Supplied records below:
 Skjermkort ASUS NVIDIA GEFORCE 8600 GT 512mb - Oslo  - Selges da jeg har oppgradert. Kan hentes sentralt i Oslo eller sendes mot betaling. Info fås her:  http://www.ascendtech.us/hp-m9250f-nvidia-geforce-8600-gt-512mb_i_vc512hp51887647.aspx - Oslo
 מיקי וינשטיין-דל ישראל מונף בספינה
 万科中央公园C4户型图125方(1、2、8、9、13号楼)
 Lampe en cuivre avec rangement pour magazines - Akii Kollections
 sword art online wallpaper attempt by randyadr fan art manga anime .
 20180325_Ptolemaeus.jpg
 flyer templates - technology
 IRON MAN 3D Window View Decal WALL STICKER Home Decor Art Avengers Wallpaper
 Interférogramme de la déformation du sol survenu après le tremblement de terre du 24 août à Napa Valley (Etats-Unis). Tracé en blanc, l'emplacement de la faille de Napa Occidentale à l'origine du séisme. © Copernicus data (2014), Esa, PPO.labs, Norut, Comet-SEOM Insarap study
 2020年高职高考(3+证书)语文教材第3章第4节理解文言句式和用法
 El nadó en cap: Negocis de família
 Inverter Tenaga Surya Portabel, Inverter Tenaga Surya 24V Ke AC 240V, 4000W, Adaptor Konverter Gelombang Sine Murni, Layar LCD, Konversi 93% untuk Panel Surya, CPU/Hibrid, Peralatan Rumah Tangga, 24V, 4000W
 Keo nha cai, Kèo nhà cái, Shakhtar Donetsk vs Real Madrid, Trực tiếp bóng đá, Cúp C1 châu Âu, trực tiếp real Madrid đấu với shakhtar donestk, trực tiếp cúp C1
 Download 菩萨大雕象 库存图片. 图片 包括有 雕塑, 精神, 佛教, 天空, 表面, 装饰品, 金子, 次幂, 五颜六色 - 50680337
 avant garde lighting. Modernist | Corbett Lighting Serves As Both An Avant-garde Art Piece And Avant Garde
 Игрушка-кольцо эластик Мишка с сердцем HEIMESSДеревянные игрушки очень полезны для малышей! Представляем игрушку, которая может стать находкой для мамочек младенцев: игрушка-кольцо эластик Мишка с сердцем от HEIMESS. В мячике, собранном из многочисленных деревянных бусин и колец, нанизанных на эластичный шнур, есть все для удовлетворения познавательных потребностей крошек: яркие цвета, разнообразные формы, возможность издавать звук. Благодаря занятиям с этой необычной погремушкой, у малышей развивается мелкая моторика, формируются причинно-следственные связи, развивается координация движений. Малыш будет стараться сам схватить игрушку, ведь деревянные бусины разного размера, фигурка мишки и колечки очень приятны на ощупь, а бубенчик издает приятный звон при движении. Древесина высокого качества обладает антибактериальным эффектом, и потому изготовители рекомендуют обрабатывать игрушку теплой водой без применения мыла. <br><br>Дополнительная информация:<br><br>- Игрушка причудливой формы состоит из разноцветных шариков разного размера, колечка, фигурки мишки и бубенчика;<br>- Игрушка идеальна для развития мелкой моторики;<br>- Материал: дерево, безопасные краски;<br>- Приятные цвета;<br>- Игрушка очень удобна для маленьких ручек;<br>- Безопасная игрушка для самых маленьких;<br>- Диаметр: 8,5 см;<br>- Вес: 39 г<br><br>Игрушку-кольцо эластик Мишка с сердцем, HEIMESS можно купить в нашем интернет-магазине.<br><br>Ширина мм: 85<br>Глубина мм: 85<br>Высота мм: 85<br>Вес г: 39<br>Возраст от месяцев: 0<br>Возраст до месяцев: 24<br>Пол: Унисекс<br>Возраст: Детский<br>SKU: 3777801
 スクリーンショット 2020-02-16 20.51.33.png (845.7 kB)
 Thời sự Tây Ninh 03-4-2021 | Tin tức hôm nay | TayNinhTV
End of Supplied records.
A verbatim transcription is required: the first line of the listing, the line containing "万科中央公园C4户型图125方(1、2、8、9、13号楼)", and every line between them.

 Skjermkort ASUS NVIDIA GEFORCE 8600 GT 512mb - Oslo  - Selges da jeg har oppgradert. Kan hentes sentralt i Oslo eller sendes mot betaling. Info fås her:  http://www.ascendtech.us/hp-m9250f-nvidia-geforce-8600-gt-512mb_i_vc512hp51887647.aspx - Oslo
 מיקי וינשטיין-דל ישראל מונף בספינה
 万科中央公园C4户型图125方(1、2、8、9、13号楼)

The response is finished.